Judge Lamberth’s well-reasoned opinion granting defendants’ motion for summary judgment concluded that plaintiffs had failed to establish a prima facie case of discrimination and therefore had not shifted the burden to defendants to justify the pay change as the product of a legitimate nondiscriminatory motive. See generally Cuddy v. Carmen, 694 F.2d 853, 856-57 (D.C.Cir.1982). Judge Lamberth wrote:
[T]he facts in the present case do not permit an inference of age discrimination as a factor leading to the elimination of the commission system. The court rejects plaintiffs’ attempt to establish a prima facie case by showing a disparity in the average age of the pre- and post-1969 drivers (54 and 46 years old, respectively).

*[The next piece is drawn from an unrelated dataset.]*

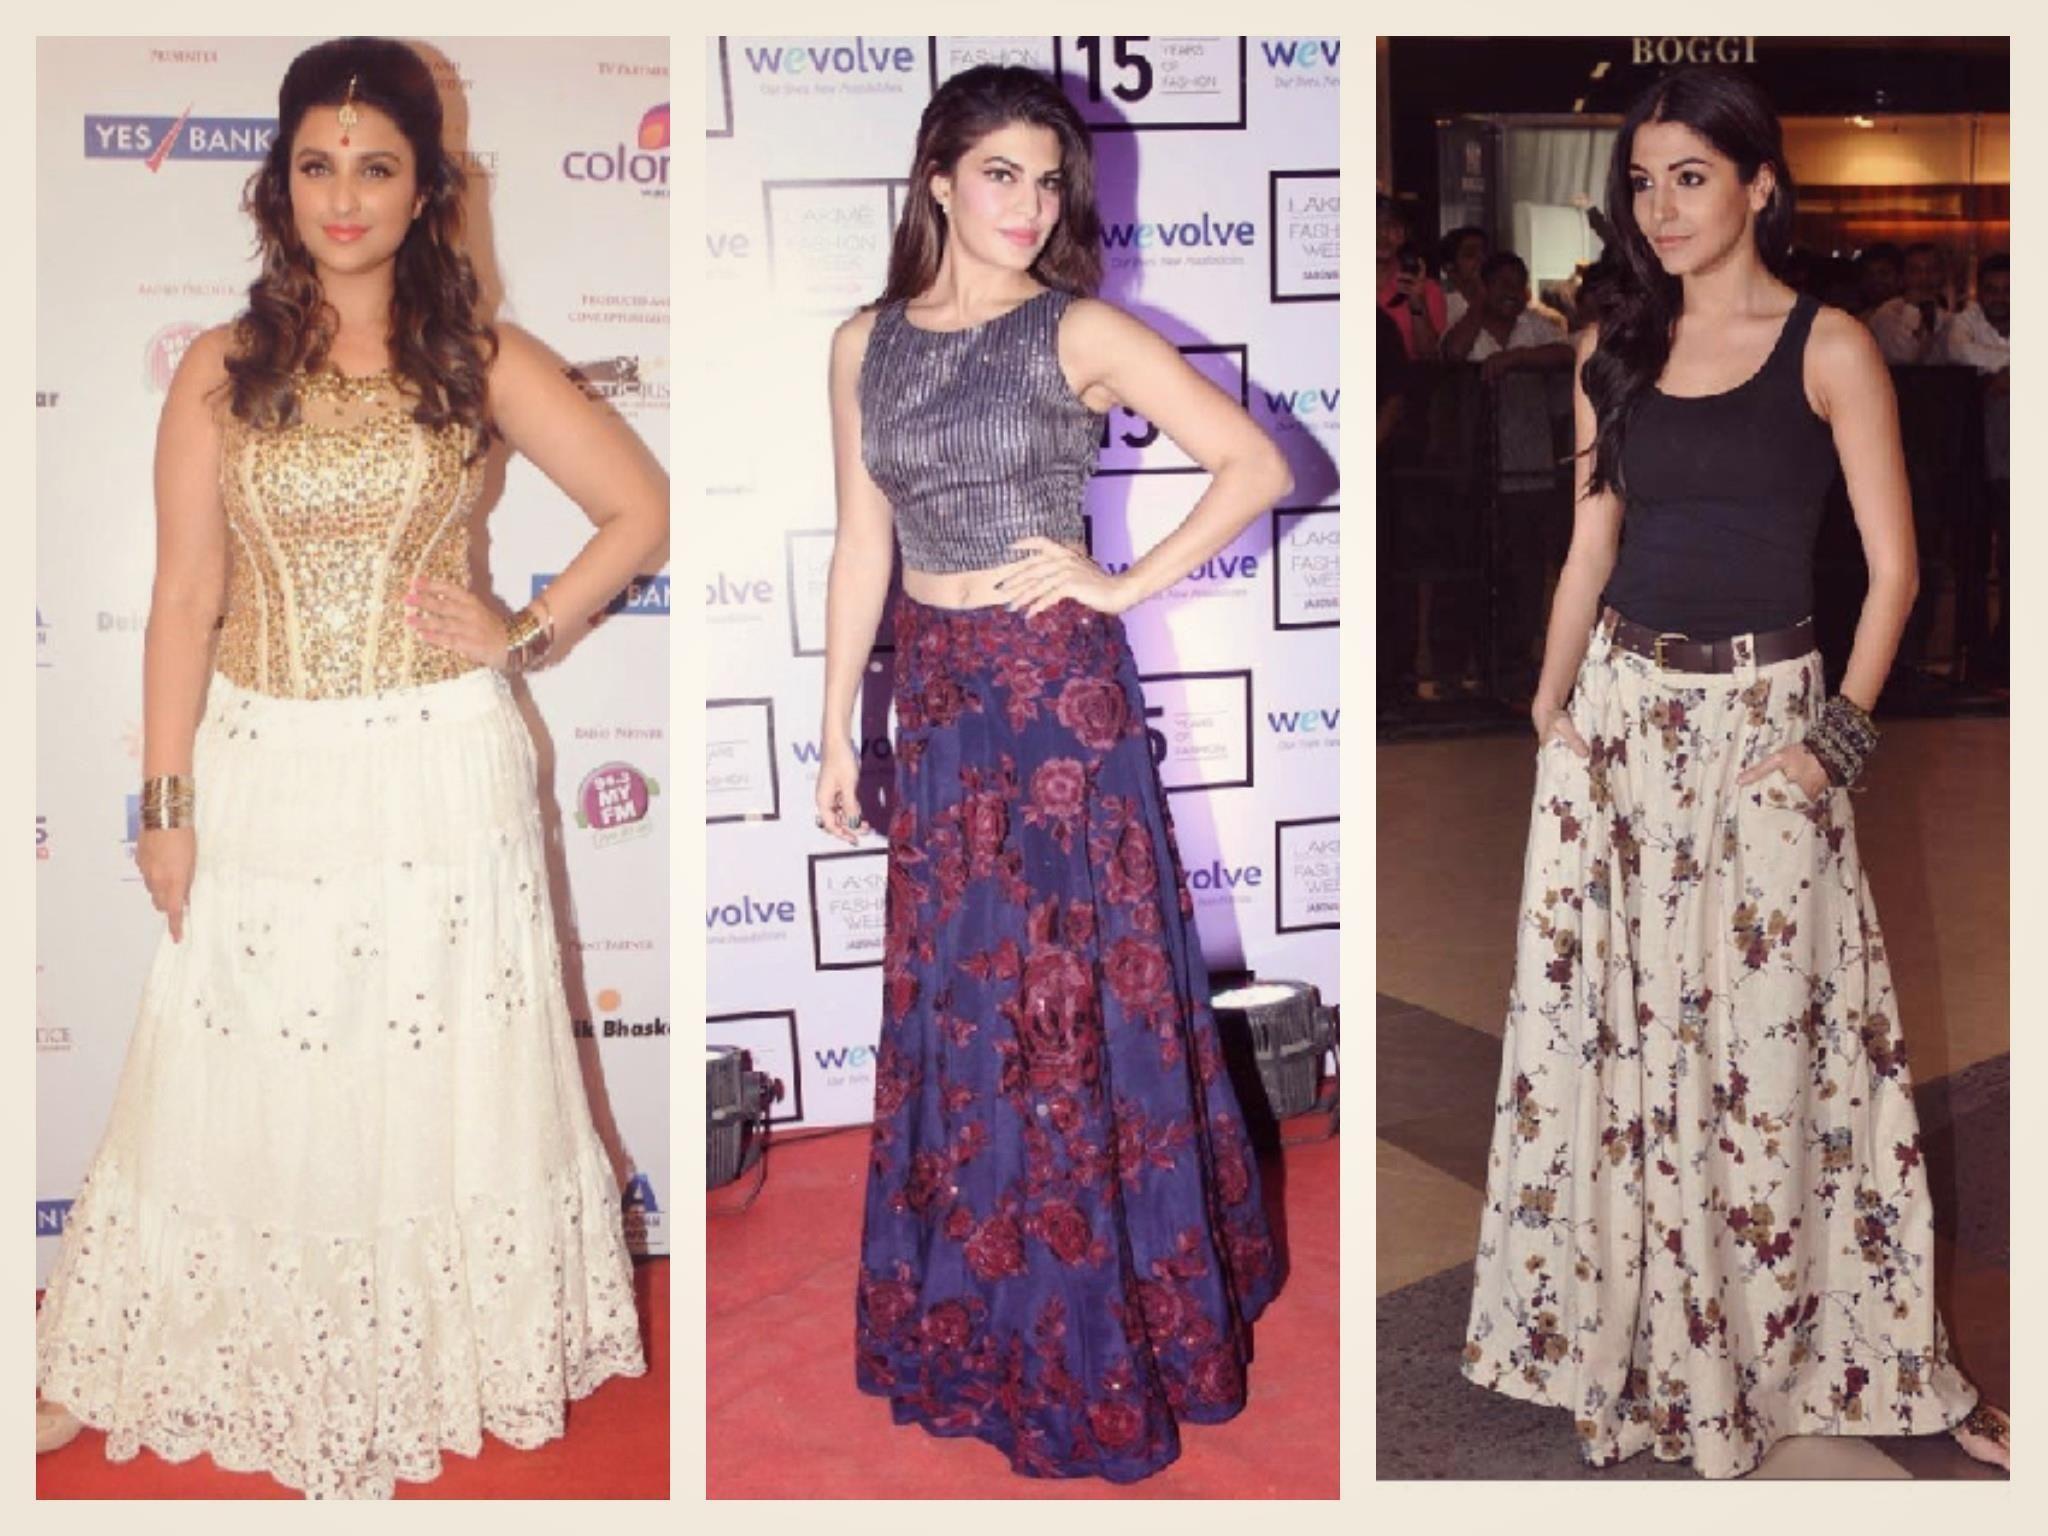 Bollywood Celebs In Long Skirts Jacqueline, Pariniti And Anushka

The court believes that plaintiffs’ attempt to stress the difference in average age obscures consideration of the actual factual scenario which reveals that the decision to eliminate the commission system had nothing to do with age.
A comparison of the undisputed age of each pre- and post-1969 driver does not permit an inference of discrimination. While the pre-1969 group does have some individuals who are older than any in the post-1969 group, the post-1969 group has many individuals who are the same age or older than numerous individuals in the pre-1969 group. The court finds that the evidence of the differences in respective ages of individuals of the two dairy driver groups is insufficient to permit an inference of discrimination.

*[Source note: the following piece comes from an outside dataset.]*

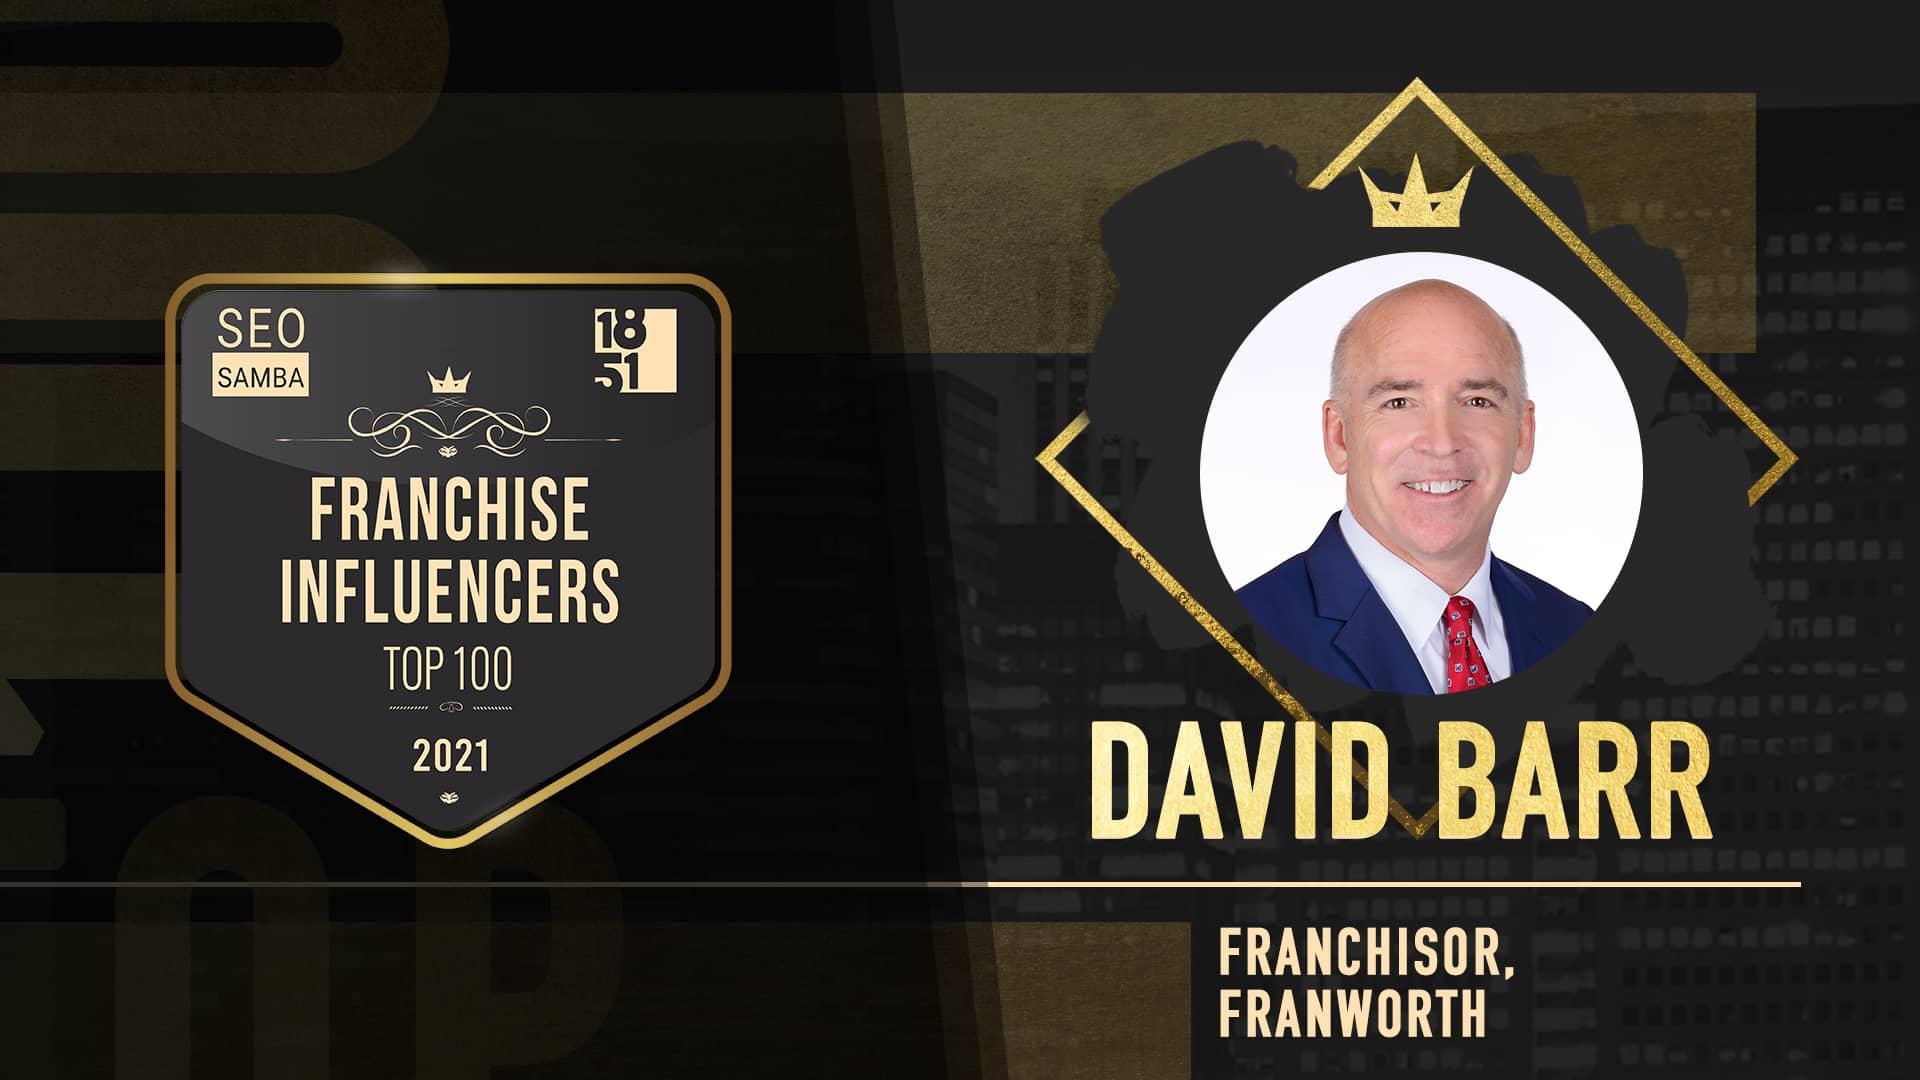 David Barr - FranWorth

Memorandum Opinion and Order, No. 89-3054, 1991 WL 120194 (D.D.C. June 21, 1991), at 10.
We entirely agree with Judge Lam-berth’s analysis. For the reasons he gave, Adkins has manifestly failed to present sufficient evidence of age discrimination by Safeway or Local 246 to survive summary judgment.
Therefore, the district court’s order granting summary judgment and dismissing the complaint is affirmed.